As the Year of the Rat is also the start of a new 12-year zodiac cycle, it is believed that this year is good to start something new, especially things that one has been thinking of doing for a long time but has been hesitant to do. This could be in the form of a new career, a new job, a new investment or even marriage.

While this column is not a feng shui or Astrology column, the feedback that one gets from various experts in the field of Chinese metaphysics can perhaps influence how we prepare ourselves for the year ahead.

As usual, for the market as measured by FBM KLCI returns, Table 1 summarizes the past three 12-year cycles of the Lunar New Year. As can be seen, the Year of the Tiger and Monkey have been the best years for the FBM KLCI, with positive annual returns every time in the past 36 years. The Dragon, Sheep, Rooster and Pig Years, meanwhile, provided positive annual returns at least twice out of three times.

The Rat, Ox, Rabbit, Horse and Dog Years have not been very good years for the market, however, as the FBM KLCI only rose in one of the three cycles over the past 36 years. Ranked by average performance, the Year of the Rooster was the best performer, as the index gained on average 28.7%, mainly driven by the spectacular bull run of 1993, while the Year of the Rat has not been a good year for the market as it has averaged negative returns on the past three occasions.

The worst outing was during the 2008/2009 Global Financial Crisis, as the FBM KLCI tanked 38.4% during the last Year of the Rat.

Although the Year of the Pig, which ended yesterday, provided a negative return of 6.5% (up till Thursday’s close) as far as the FBM KLCI is concerned, we all know that most other key indices on Bursa Malaysia performed remarkably well, while most other Asian and global benchmark indices were firmer.

In the same column last year, the prediction was that the Year of the Pig would be a great year for the market, as historically, it has given investors on average returns of 22.4%. But alas, that did not happen. However, we did see strong gains among several sub-indices of the Bursa Malaysia index series, notably the Mid Cap, Ace, Technology and Energy indices, which rose between 23.8% and 49.7%.

Now, the million-ringgit question for 2020 is, where will the market be when we are ready to usher in the Year of the Ox on Feb 12 next year?

The unexpected 25-basis-point rate cut delivered this week was indeed, as described in the Monetary Policy Statement, a pre-emptive measure. Malaysia’s fourth-quarter gross domestic product data is still being finalised, while the growth trajectory for this year remains firm, especially with the finalisation of the US-China Phase One trade deal. Geopolitical tensions arising from the US-Iran conflict early this month, which we thought would escalate, have for now been defused.
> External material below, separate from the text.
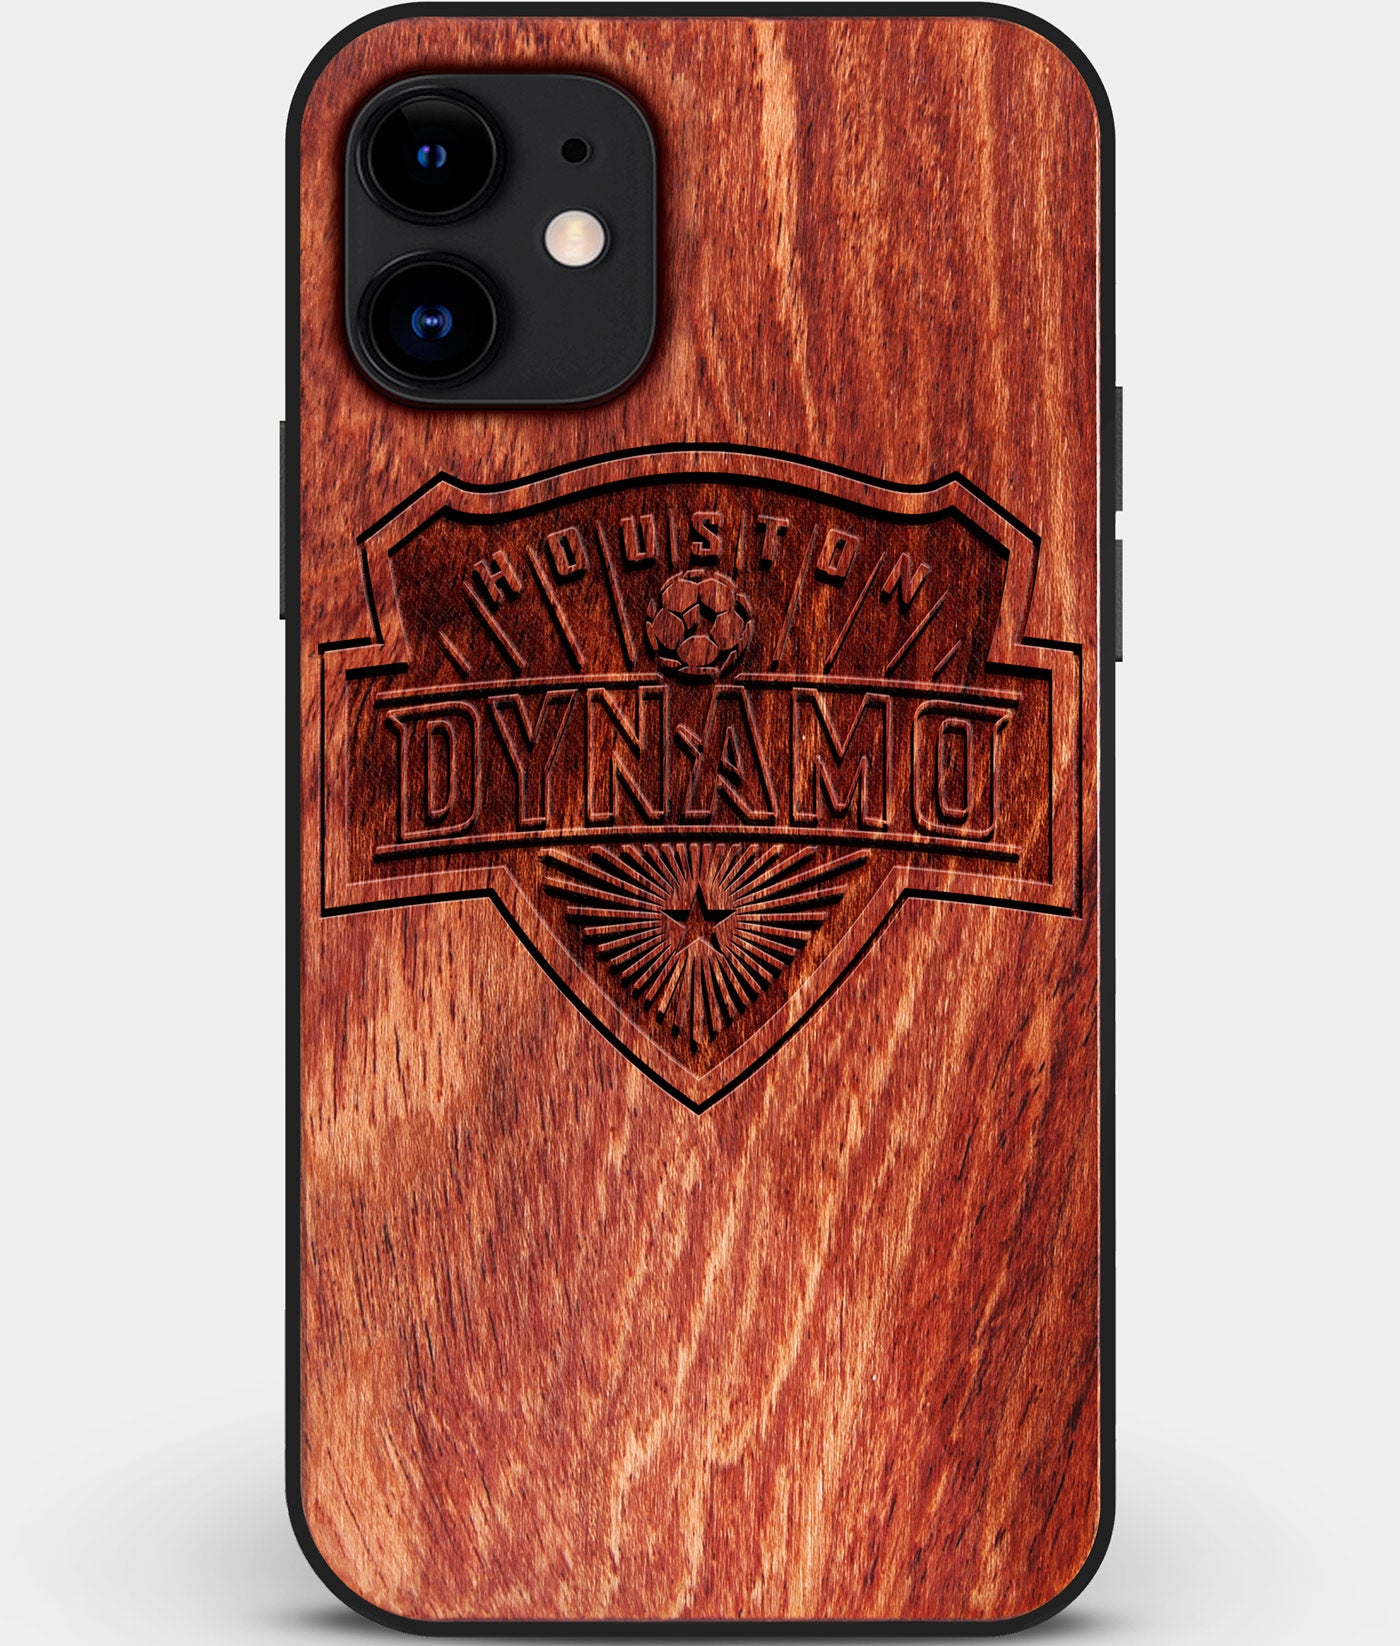 Custom Carved Wood Houston Dynamo iPhone 11 Case | Personalized Mahogany Wood Houston Dynamo Cover, Birthday Gift, Gifts For Him, Monogrammed Gift For Fan | by Engraved In Nature
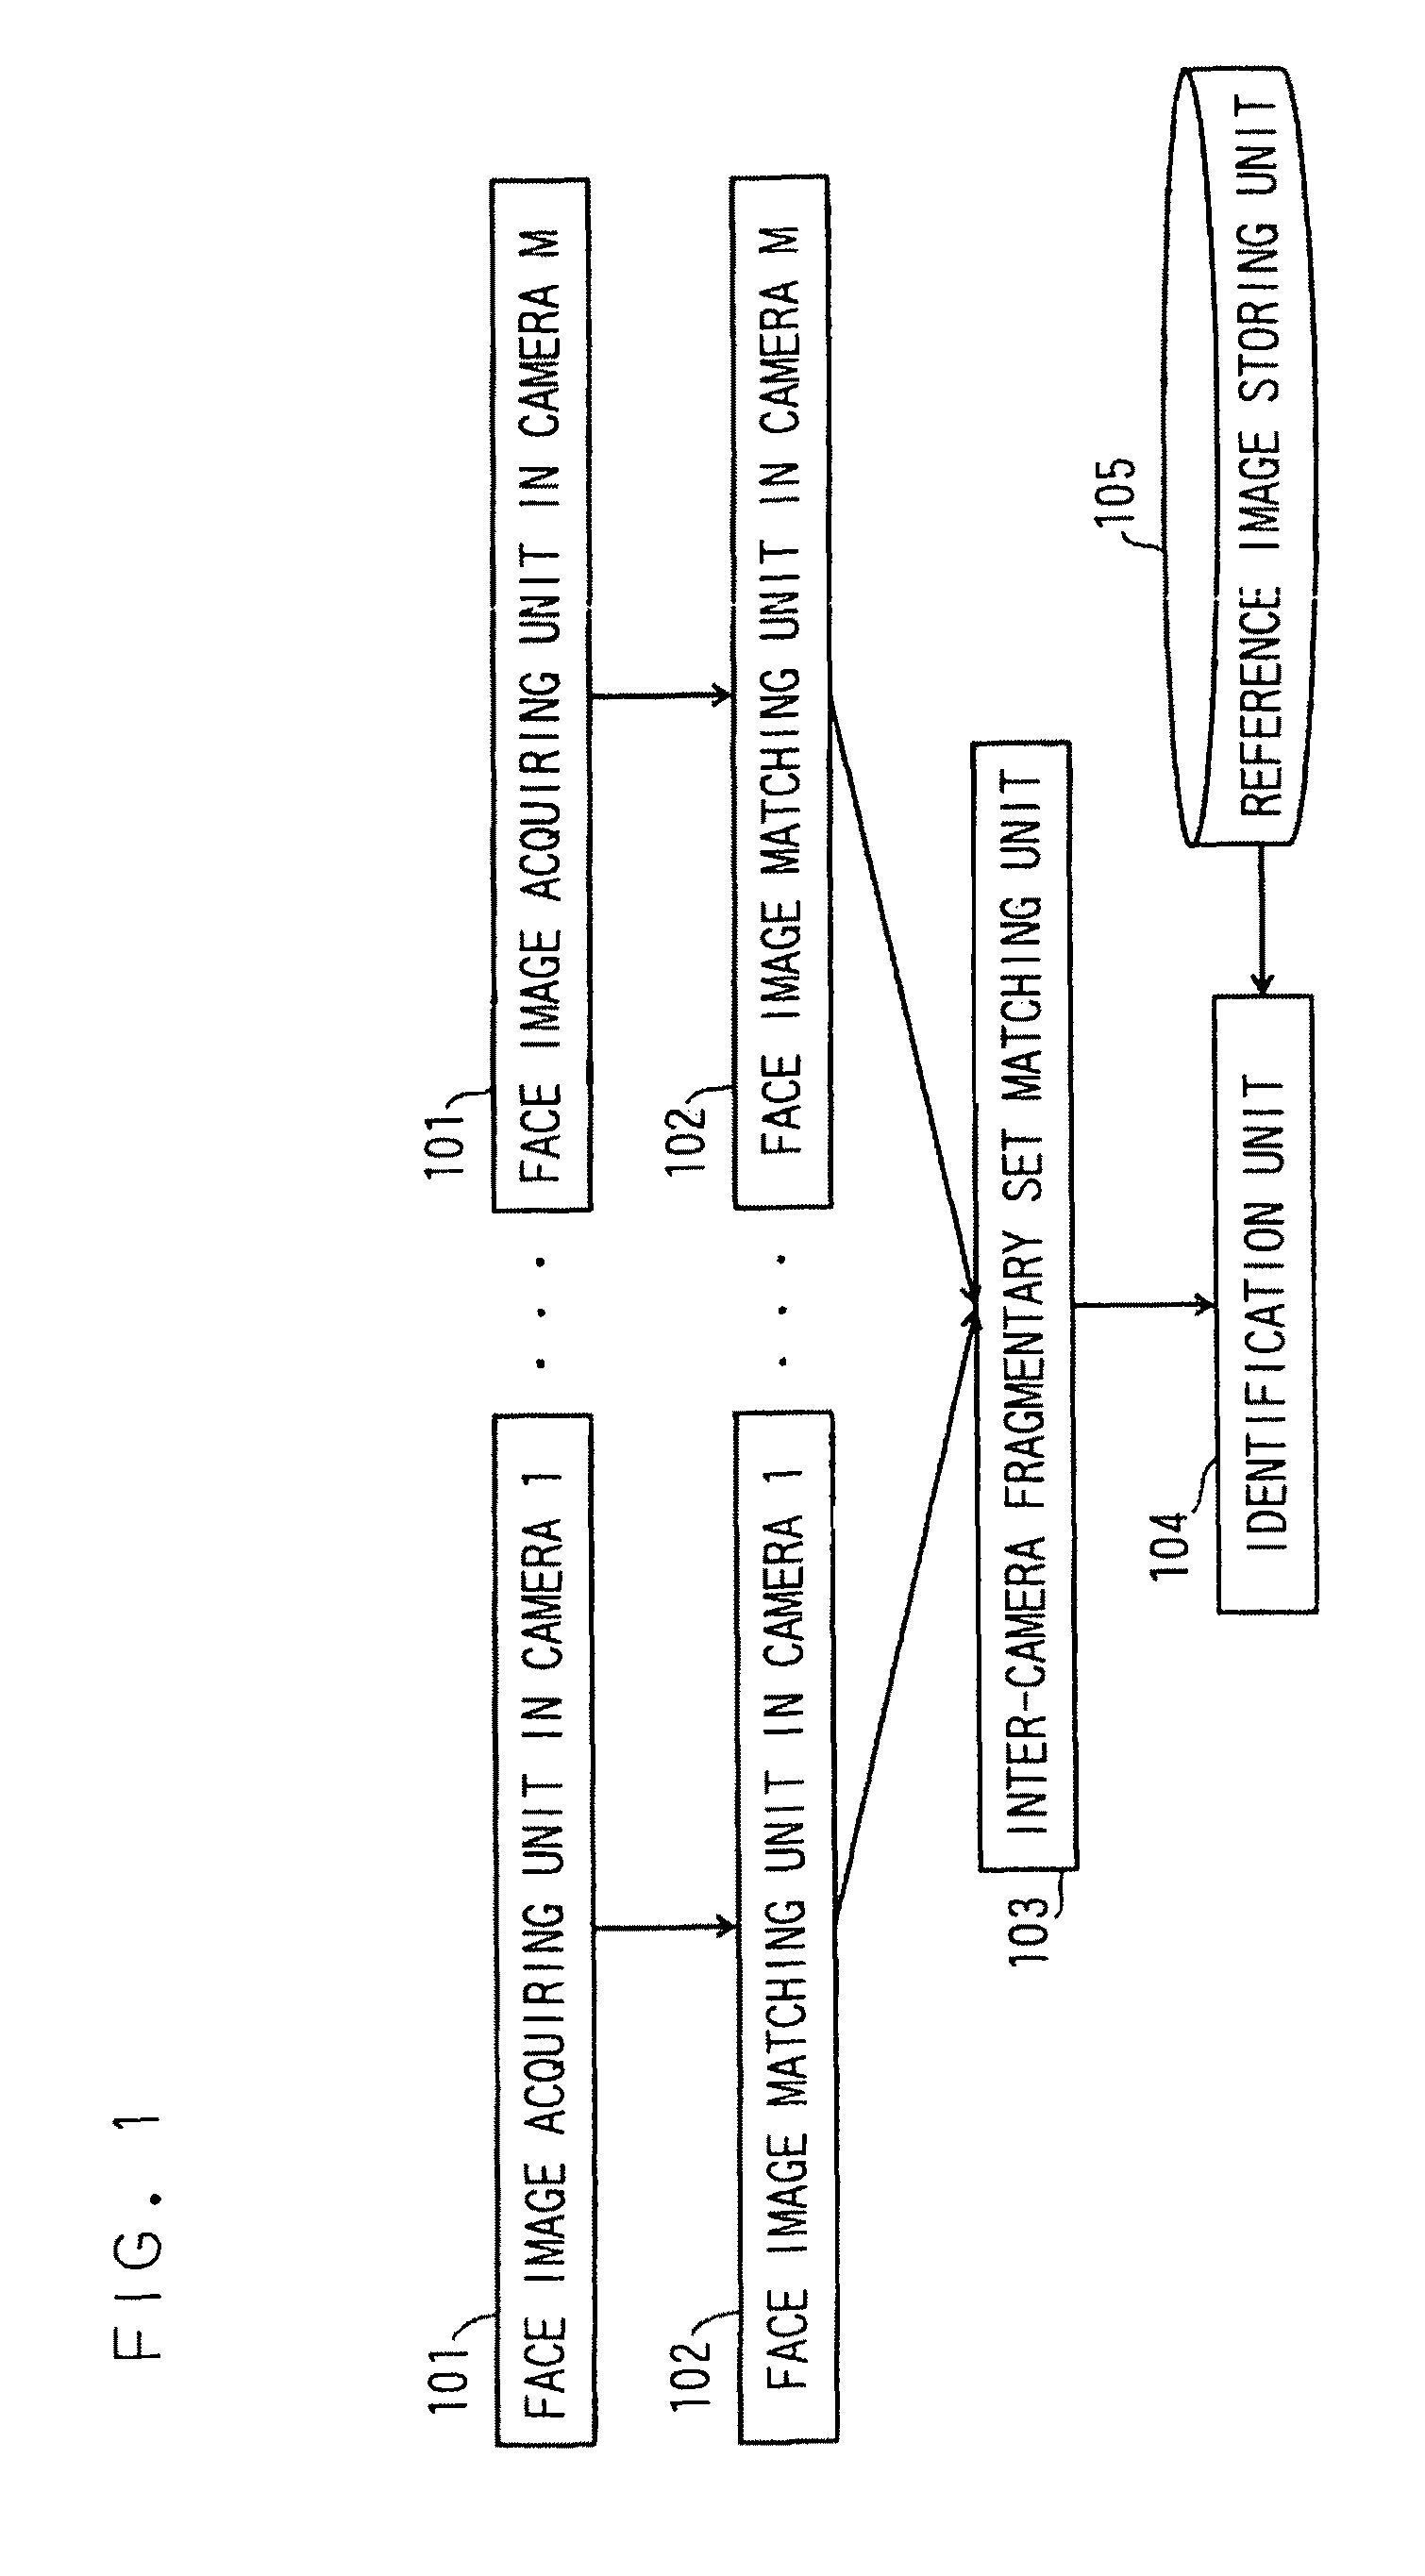 Face recognition apparatus and face recognition method

While we are concerned about the impact of the coronavirus, a cousin of the SARS virus, it is hoped that it would not be a full-blown pandemic. The lower benchmark rate could provide further stimulus to domestic consumption, while the cheaper cost of funds is expected to spur purchase of big-ticket items and encourage more investments.

This is also positive for the REITs sector, companies with significant floating rate borrowings as well as consumer names. For companies that are in a net cash position, the lower benchmark rate reduces investment income while for the banking sector, the lower rate adds pressure to net interest margins, but hopefully, this is offset by higher lending activities.

Overall, it may be a year for us to be “rat-ional” in our expectations, as they are indeed many challenges ahead, not only for Malaysia but also the world. It also goes to show that while we are always in a rat race to achieve our objectives, we are not in total control of our destiny as we are always up against the unforeseen – that’s just how it is.

Hence, it is important to be mindful as sometimes, we can be caught up in market euphoria, especially if there are sudden changes to circumstances that could “rat-tle” the markets.

May the new year bring joy, happiness, an abundance of wealth and good health.

The views expressed here are the writer’s own.